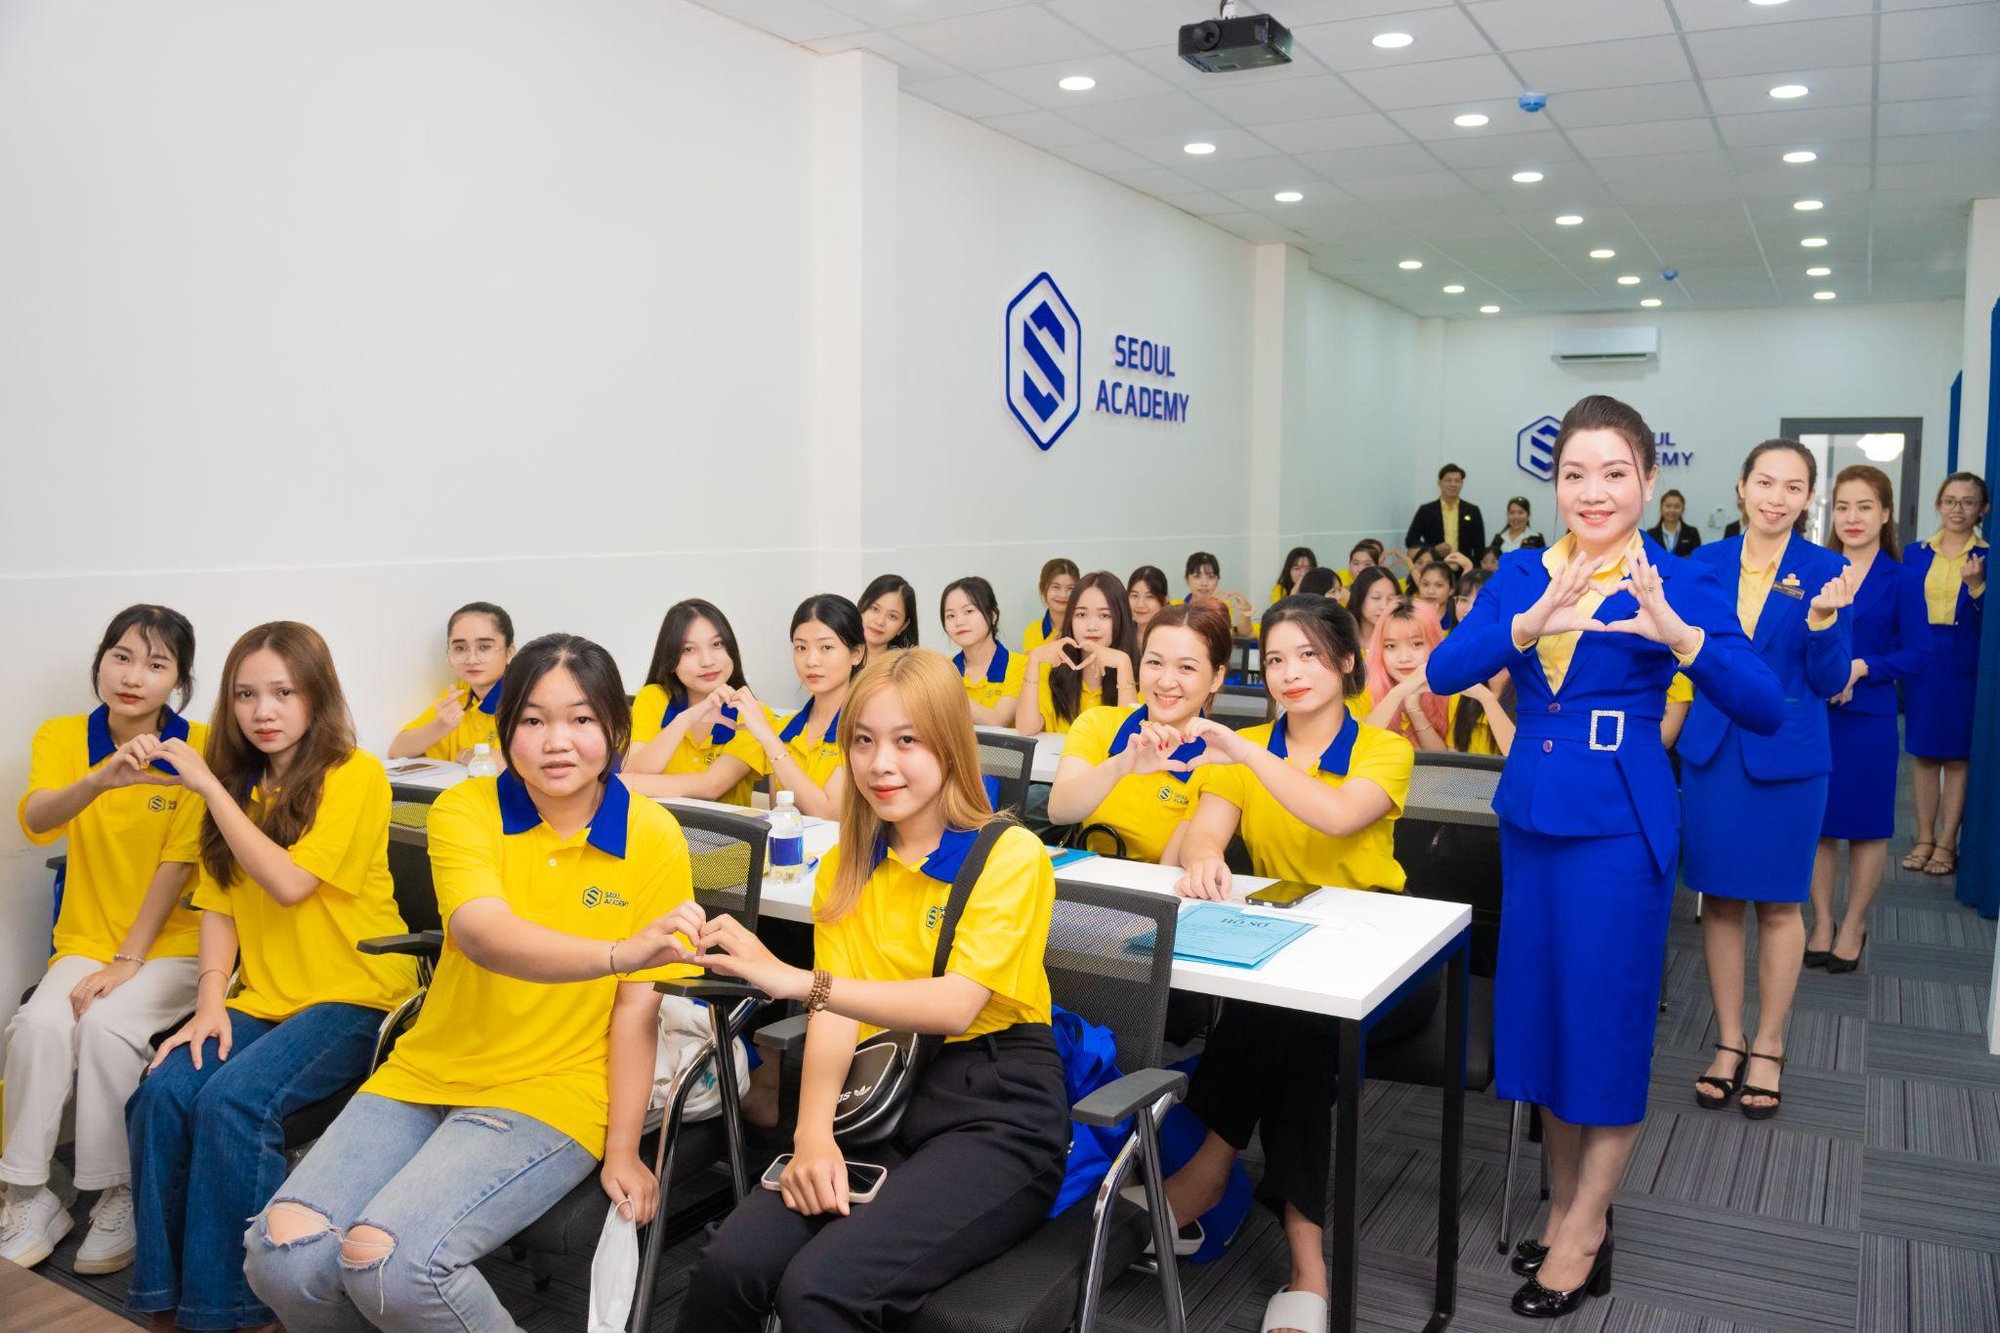 Seoul Academy xây dựng các khóa học theo tiêu chuẩn quốc tế
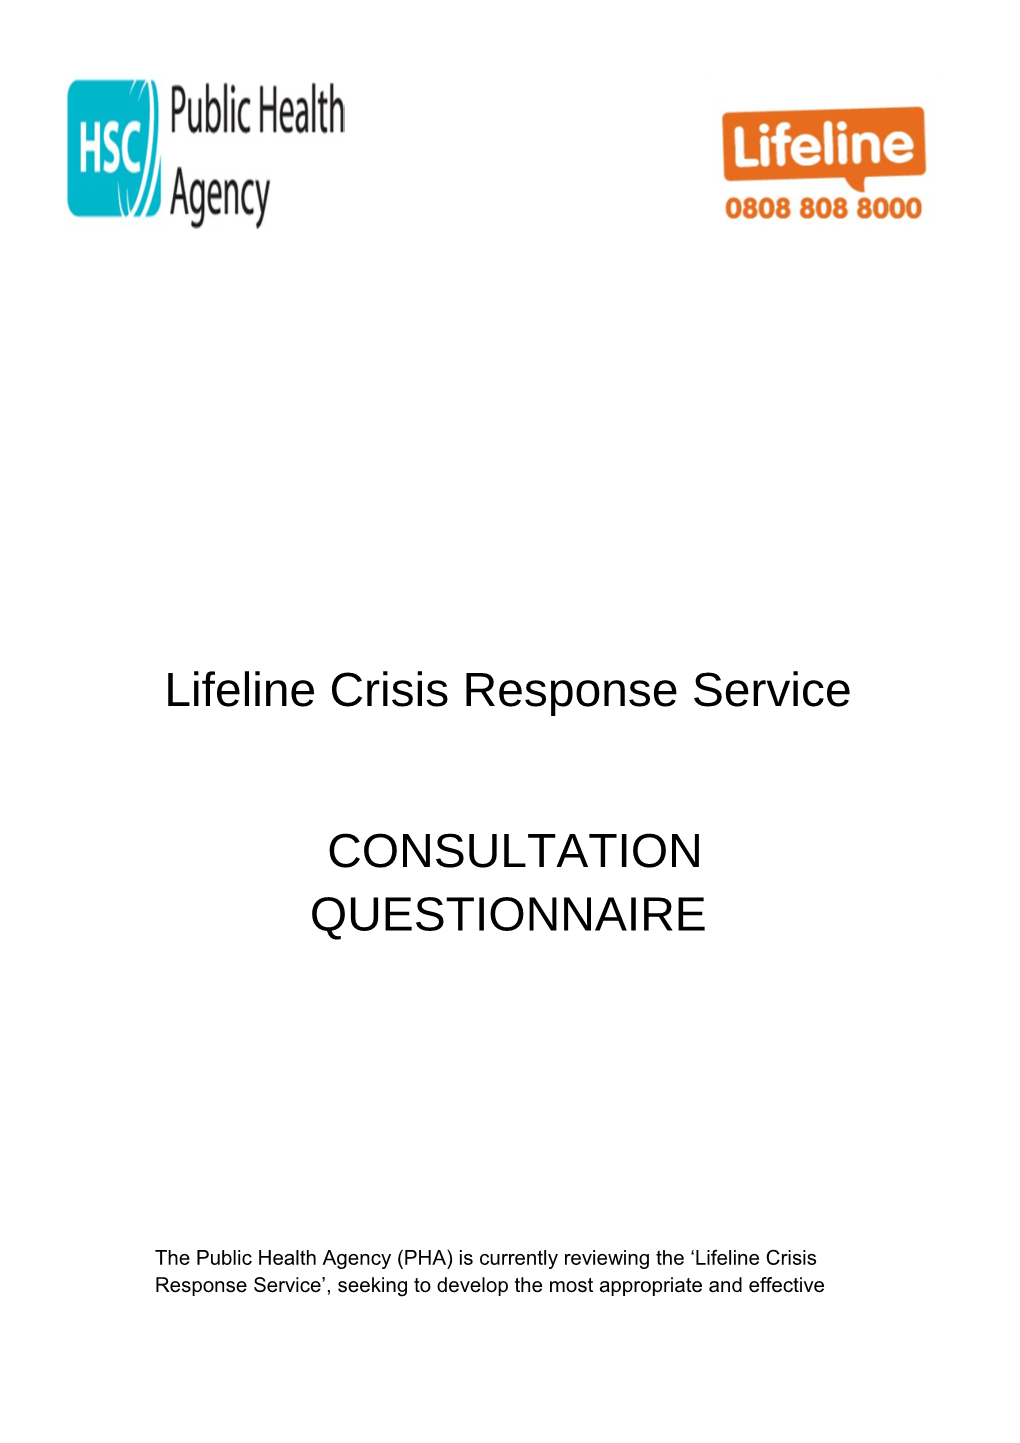 Consultation Questionnaire
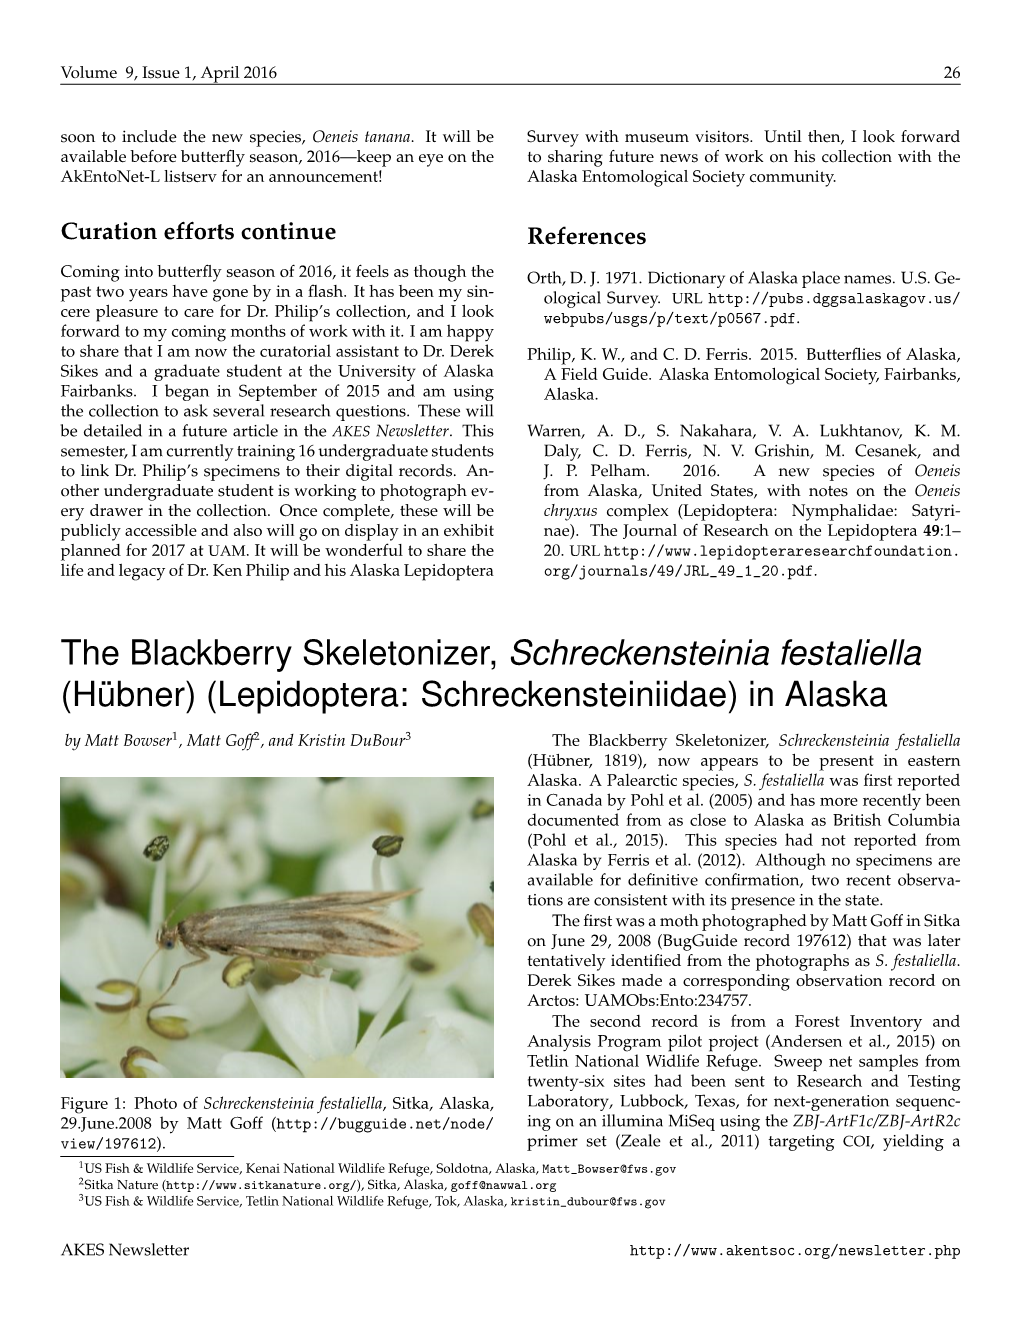 The Blackberry Skeletonizer, Schreckensteinia Festaliella (Hübner) (Lepidoptera: Schreckensteiniidae) in Alaska

◆ PROMPT:
Restate every line of the listing exactly. Pictures are not part of the copy.

◆ ANSWER SPACE:
 Seoul Academy xây dựng các khóa học theo tiêu chuẩn quốc tế
 Consultation Questionnaire
 The Blackberry Skeletonizer, Schreckensteinia Festaliella (Hübner) (Lepidoptera: Schreckensteiniidae) in Alaska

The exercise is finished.